Genova, dunque, aveva rapporti con i capi dei principali clan della città e, secondo i pm, impartiva ai sottoposti le indicazioni necessarie alla gestione delle estorsioni e sovrintendeva alle messe a posto anche fuori dai confini del suo mandamento. Di lui un favoreggiatore dei Graviano diceva: "È il tutto".
Il capo mafia è inoltre uno storico alleato dei boss Salvatore e Sandro Lo Piccolo, da anni detenuti al carcere duro, ed è stato il referente per il sostentamento della famiglia del "patriarca" di San Lorenzo Francesco Madonia e dei suoi figli, fedeli alleati degli stragisti corleonesi. Incurante dei limiti imposti della sorveglianza speciale che gli è stata imposta dopo la scarcerazione, Genova a pochi giorni dal rientro a Palermo ha ripreso in mano gli affari della cosca cercando, però, di mantenere un basso profilo per sfuggire alle attenzioni degli investigatori.
Attento a usare un linguaggio criptico durante le conversazioni coi sodali, intimava ai suoi di non portare mai il telefono durante gli incontri: "Senza niente, neanche spento" aveva detto non sapendo di essere già intercettato.

Le intercettazioni sono "una barbarie, spese cifre assurde per risultati minimi". Parola di Nordio
Tuttavia è stata proprio una conversazione intercettata ad incastrare Settimo D'Arpa, uno degli arrestati. L'uomo stava parlando con la sua compagna al telefono e lei, nonostante il compagno la invitava a smettere, aveva rivelato chiaramente la sua appartenenza a Cosa nostra. "Te lo dico, fai lo scaltro, perché non chiami a tutti i mafiosi che hai...te lo dico davanti a tutti!", ha detto lei. "Io non ne ho mafiosi", tentava di difendersi lui. "Io non conosco nessuno di sti mafiosi...", ha continuato. Ma la compagna non si è fermata. "Te lo giuro su dio, che se io ti vedo io 'l'ho lasciato perché domandava il pizzo, ti giuro che lo faccio". "Ma te ne accorgi delle cose che dici al telefono?", ha sbottato preoccupato D'Arpa. "Sì perché la verità...è la verità", ha insistito la donna. La discussione ha poi proseguito in un'altra telefonata. "Non siamo in via Sciuti, non siamo in via Notarbartolo che facevi spaventare i commercianti.
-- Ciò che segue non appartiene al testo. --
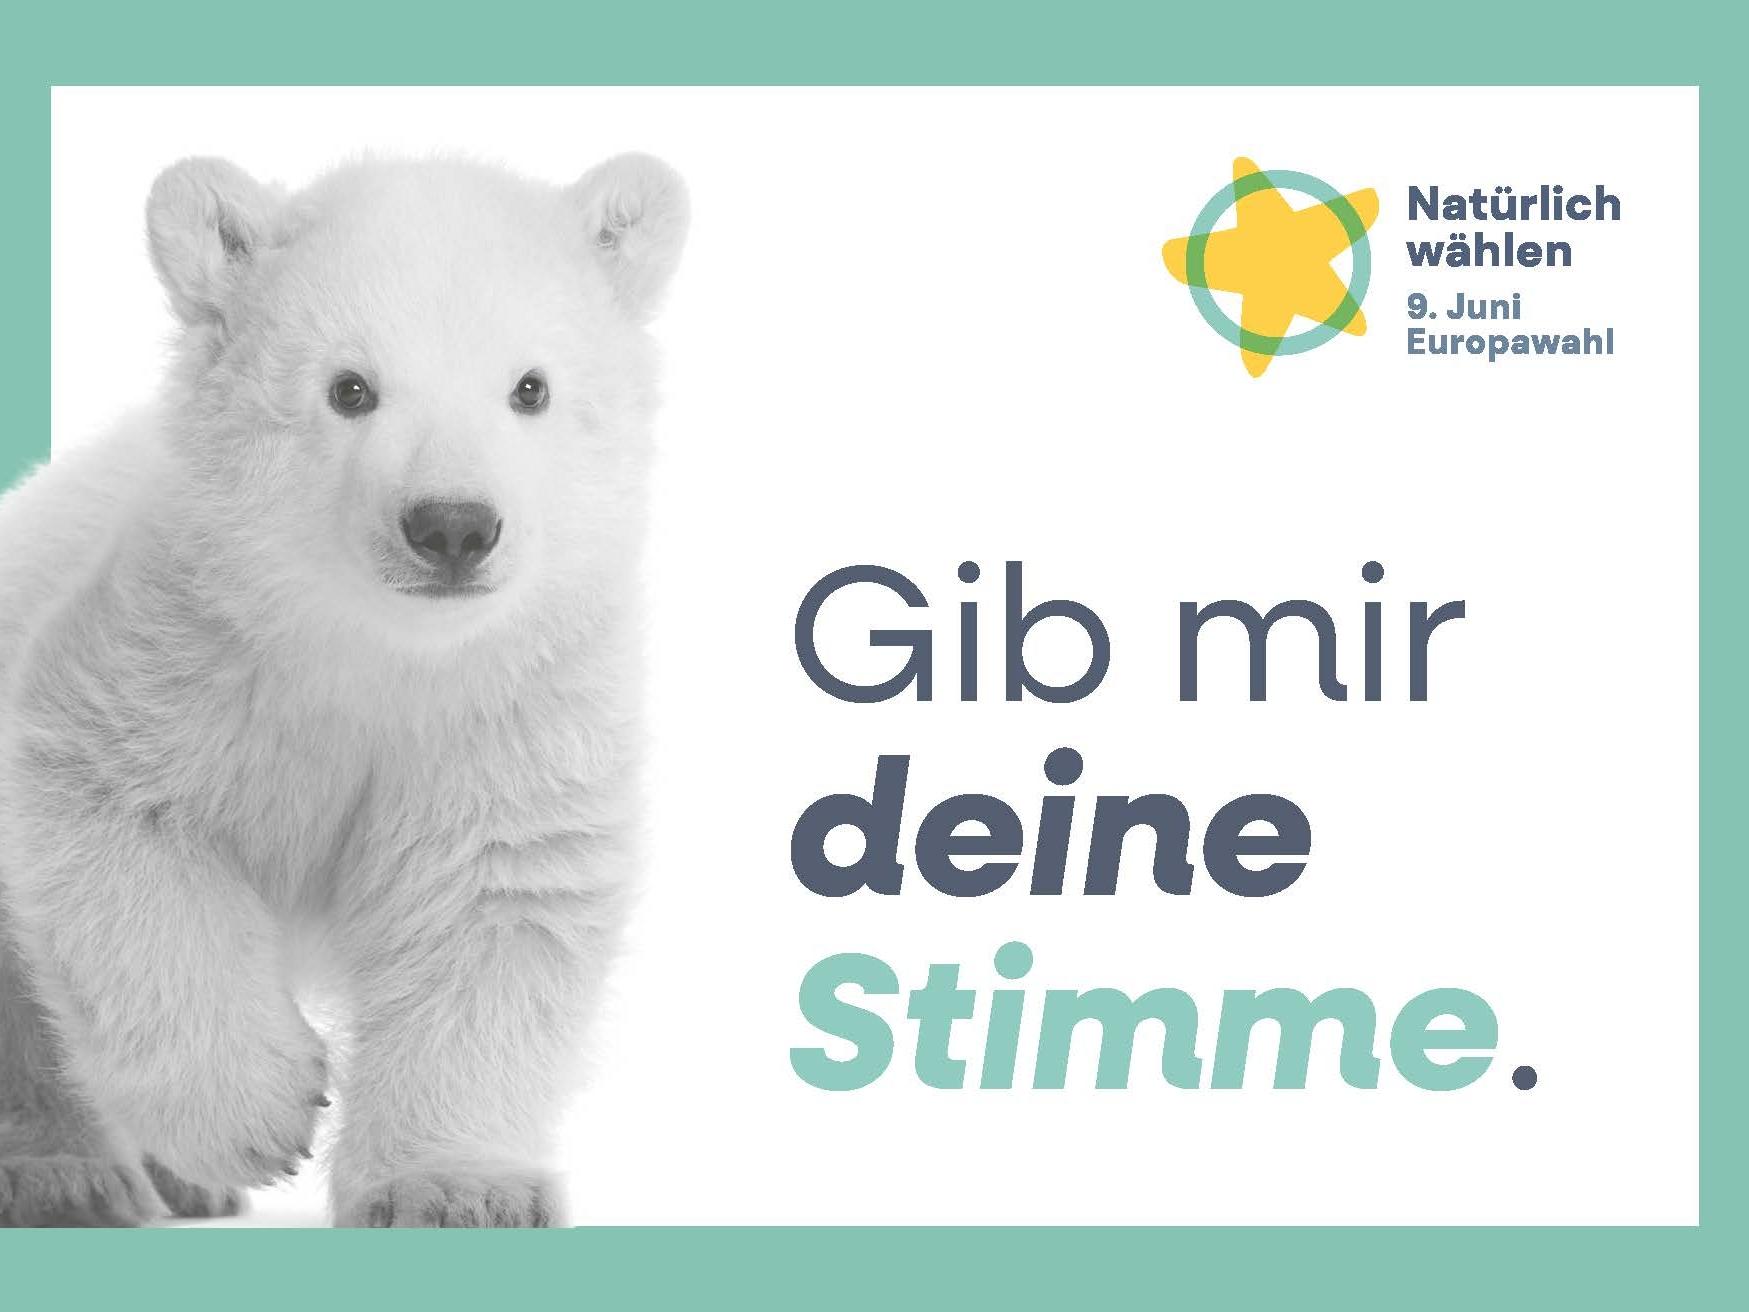 Europawahl Postkarte, Eisbär: "Gib mir deine Stimme."

Qua stai parlando con una persona", dice lei senza mezzi termini. "Capito? Con una donna. Si, stai parlando con una donna, non stai parlando con un commerciante che vuoi intimorire le persone, perché sapete fare solo questo...", lo ha apostrofato. "Io? - ha risponsto D'Arpa - Ti sto pure bloccando nelle telefonate e messaggi. Ciao, buonanotte".
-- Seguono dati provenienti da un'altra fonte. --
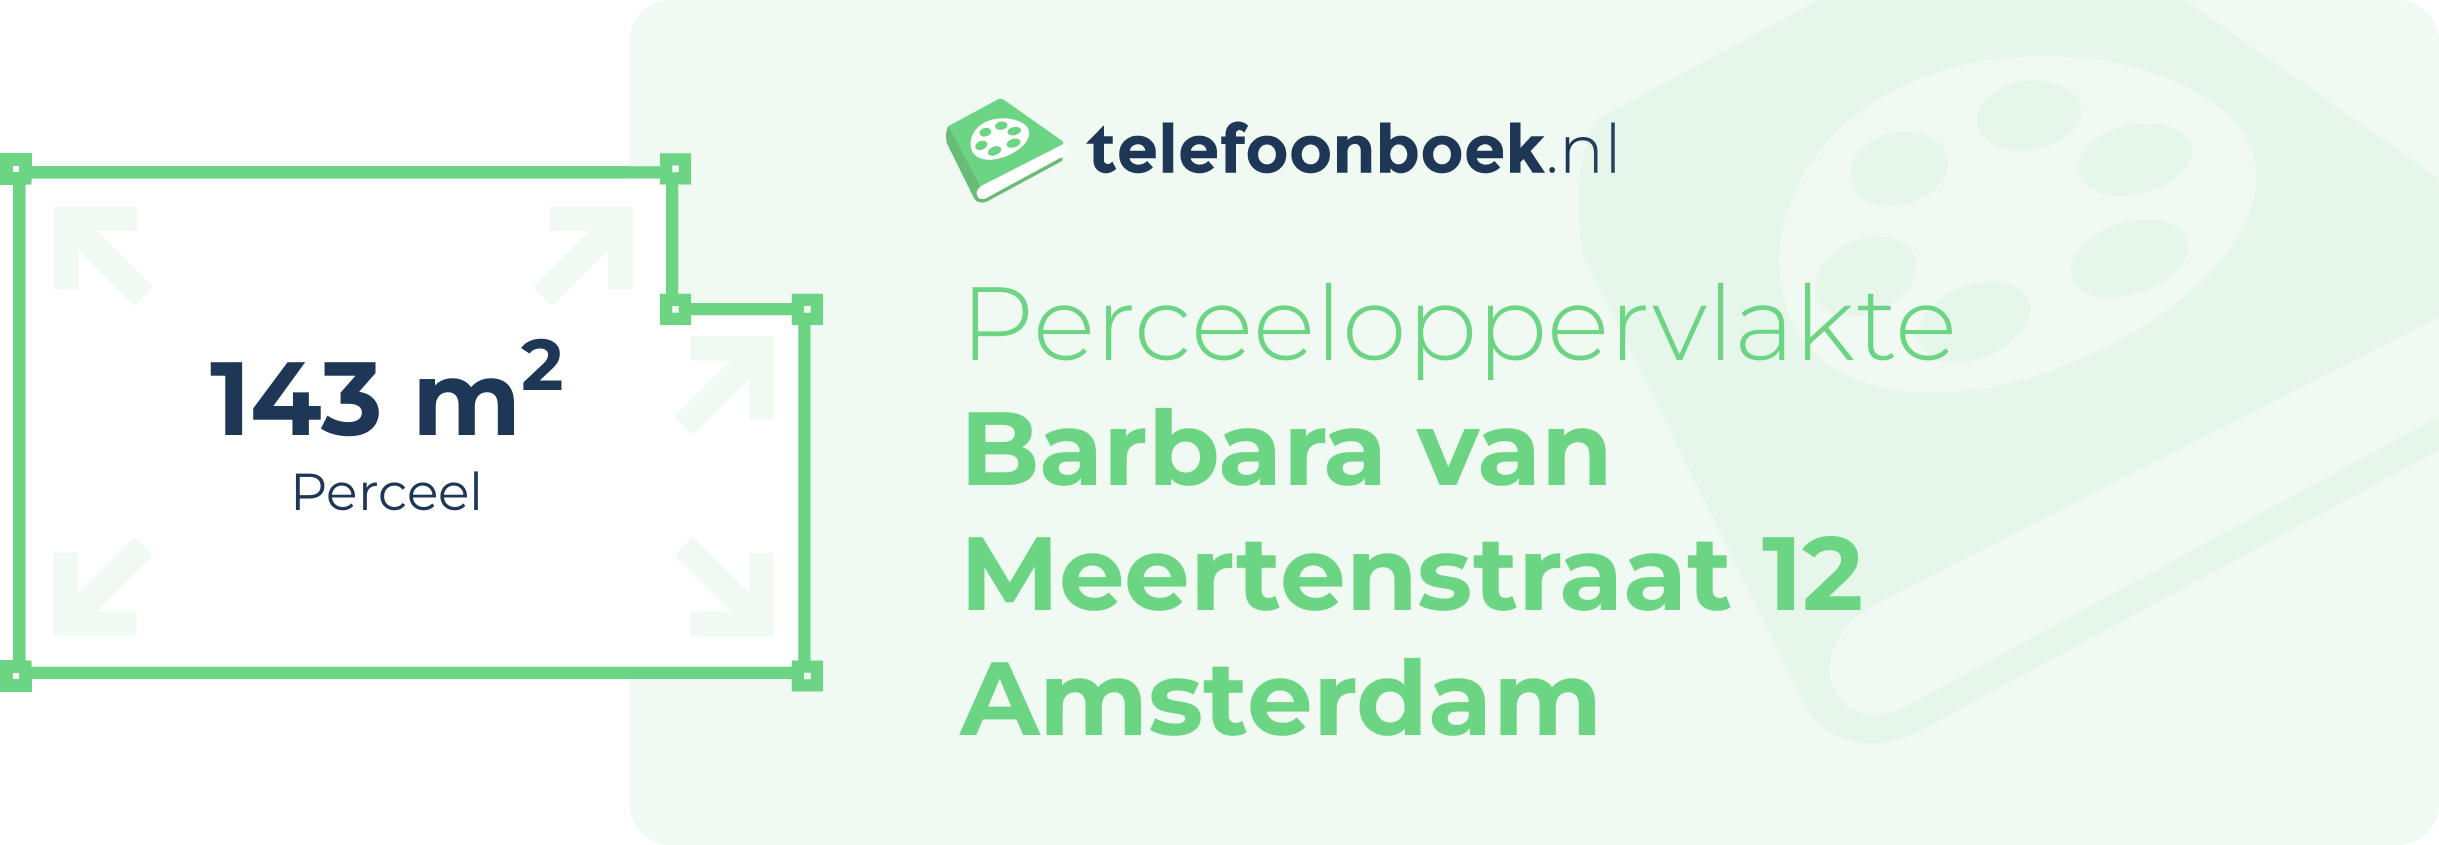 Perceeloppervlakte Barbara Van Meertenstraat 12 Amsterdam

Le mani del clan sulle pompe funebri. Gli affari mafiosi con "gli insospettabili"
Gli indagati sono ritenuti responsabili, a vario titolo, di associazione di tipo mafioso, estorsione con l'aggravante del metodo mafioso, concorso in associazione di stampo mafioso, detenzione di arma comune da sparo.
Gli investigatori hanno potuto fare luce non solo sull'intensa attività di riscossione del pizzo ai danni di attività commerciali e imprenditori della zona, ma anche sul controllo e sulla gestione dei servizi funerari all'ospedale di Villa Sofia di Palermo. "Attività illecite che rappresentano per la famiglia mafiosa di Resuttana fonte primaria di guadagno".
Oltre a questo sarebbe stata accertata la complicità con i boss di alcuni professionisti e imprenditori. Tra i destinatari del provvedimento ci sono anche alcuni insospettabili, appartenenti alla cosiddetta "zona grigia" ed espressione delle contiguità tra professionisti locali, medi e piccoli imprenditori ed esponenti, anche apicali, del mandamento mafiosi. Tra gli indagati ci sono, infatti un commercialista, un notaio, sospettato di concorso in tentata estorsione aggravata dal metodo mafioso, un imprenditore edile, un imprenditore nel settore calzature, sospettato di concorso in associazione di stampo mafioso ed estorsione aggravata dal metodo mafioso ed infine un ristoratore. Il gip ha disposto il sequestro preventivo delle società Almost food srls e la Gbl food srls che gestiscono la catena di esercizi commerciali con insegna "Antica polleria Savoca", che, secondo i pm , sarebbero in realtà imprese mafiose.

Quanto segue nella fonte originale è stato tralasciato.